Come For The Ghosts, Stay for the Pie

My sister sent me a story describing ghostly goings-on down the hill from her house and followed that up with a story that includes a video of ghost hunters investigating the “devil’s footprint” found at the same site. Although I’ve made some good fun of the video (e.g. the “shocking” failure of the camera batteries, likely due to purchase at the local discounter, Marden’s; the placement of the “footprint”, which suggested a very short person practicing their kickboxing moves), this does make an excellent setting for a story. It need not be the obvious ghost story (or reboot of “The Rocky Horror Picture Show,” the opening segment of which it brings to mind), as the old meeting house turned church looks ripe for stories about a struggling rural town facing a fateful vote or the rummage sale where they accidentally sold the priceless (object of your choice) for 75 cents on the bargain table. I can just smell the strawberry rhubarb pie on the pastry table.

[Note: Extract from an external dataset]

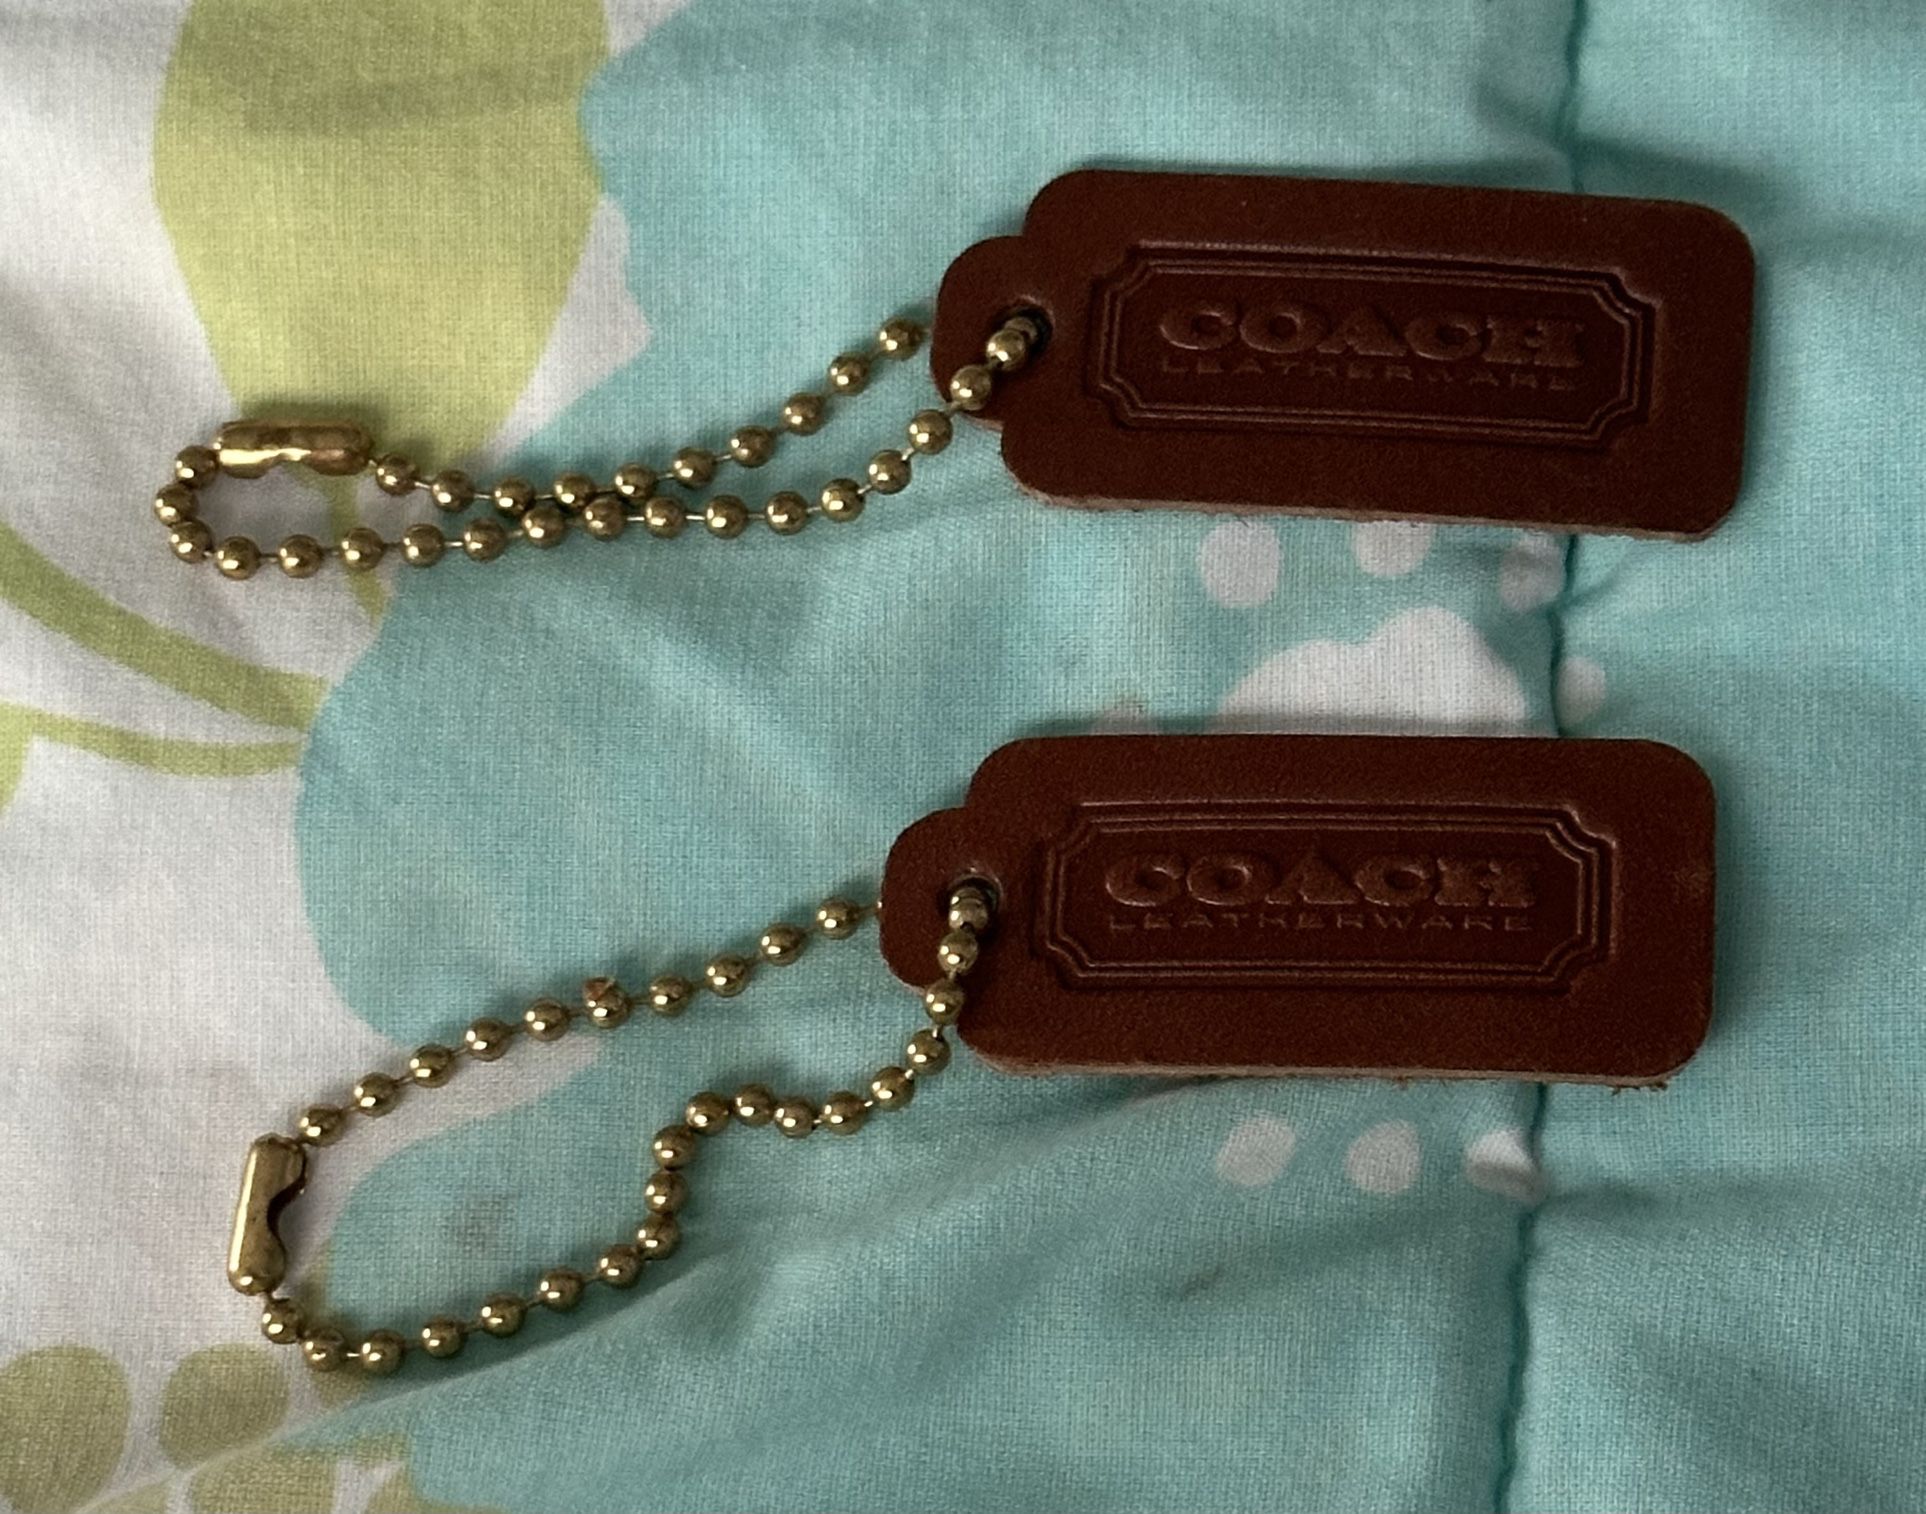 Vintage COACH Leather Ware Tags

P.S. My sister strenuously objected to the use “middle of nowhere” throughout the video. Considering that this road connects to a busy artery running into the state capital and this is Maine (where true “nowhere” can be found in places with names like “T2R10” that have few paved roads and more moose than people), I’d agree. Furthermore, you’d want to make sure your rummage sale was well connected enough to attract the fateful buyer. Town size perception distortion is a favorite topic of mine and very likely to be my next post.

PostScript: While perusing “devil’s footprint” stories (of which I knew there were many, especially in New England) I found a longer and more coherent piece about my sister’s weird backyard.